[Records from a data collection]
- - - -

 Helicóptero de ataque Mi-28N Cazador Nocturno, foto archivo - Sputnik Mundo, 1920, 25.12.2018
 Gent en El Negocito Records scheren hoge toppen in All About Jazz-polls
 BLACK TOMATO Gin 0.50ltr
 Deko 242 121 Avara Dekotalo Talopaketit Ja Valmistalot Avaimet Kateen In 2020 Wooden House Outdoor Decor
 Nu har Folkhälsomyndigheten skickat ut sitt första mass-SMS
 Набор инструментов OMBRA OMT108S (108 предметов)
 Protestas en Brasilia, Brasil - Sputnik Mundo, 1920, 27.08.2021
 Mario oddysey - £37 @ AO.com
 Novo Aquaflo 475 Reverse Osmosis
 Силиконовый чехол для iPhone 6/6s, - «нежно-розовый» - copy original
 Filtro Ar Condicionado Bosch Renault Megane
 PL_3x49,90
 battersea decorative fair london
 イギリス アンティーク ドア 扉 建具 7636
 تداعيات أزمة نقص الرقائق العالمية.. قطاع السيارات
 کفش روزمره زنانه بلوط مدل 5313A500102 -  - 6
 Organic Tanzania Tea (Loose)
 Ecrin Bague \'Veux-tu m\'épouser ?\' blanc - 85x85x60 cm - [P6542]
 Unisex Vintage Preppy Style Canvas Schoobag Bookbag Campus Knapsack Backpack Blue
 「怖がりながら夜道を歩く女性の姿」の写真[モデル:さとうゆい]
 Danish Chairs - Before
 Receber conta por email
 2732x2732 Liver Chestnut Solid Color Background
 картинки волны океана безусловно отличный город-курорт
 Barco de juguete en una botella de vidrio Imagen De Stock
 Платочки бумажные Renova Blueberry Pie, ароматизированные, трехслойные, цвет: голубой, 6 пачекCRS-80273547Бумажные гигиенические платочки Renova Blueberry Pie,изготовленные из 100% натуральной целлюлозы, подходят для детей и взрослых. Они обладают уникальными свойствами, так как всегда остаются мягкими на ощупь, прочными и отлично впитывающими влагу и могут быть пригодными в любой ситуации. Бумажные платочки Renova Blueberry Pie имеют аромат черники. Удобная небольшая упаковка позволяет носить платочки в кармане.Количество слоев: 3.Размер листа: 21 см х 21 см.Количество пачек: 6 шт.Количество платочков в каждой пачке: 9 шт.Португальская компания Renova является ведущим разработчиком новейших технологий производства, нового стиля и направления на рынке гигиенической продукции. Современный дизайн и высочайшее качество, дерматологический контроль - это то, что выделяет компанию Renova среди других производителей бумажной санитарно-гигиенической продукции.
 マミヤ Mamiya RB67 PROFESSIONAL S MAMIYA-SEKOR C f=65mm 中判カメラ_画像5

- - - -

Work instruction:
Which lines of the data hold the string "Mundo"? Return each of them.

Solved exercise:
 Helicóptero de ataque Mi-28N Cazador Nocturno, foto archivo - Sputnik Mundo, 1920, 25.12.2018
 Protestas en Brasilia, Brasil - Sputnik Mundo, 1920, 27.08.2021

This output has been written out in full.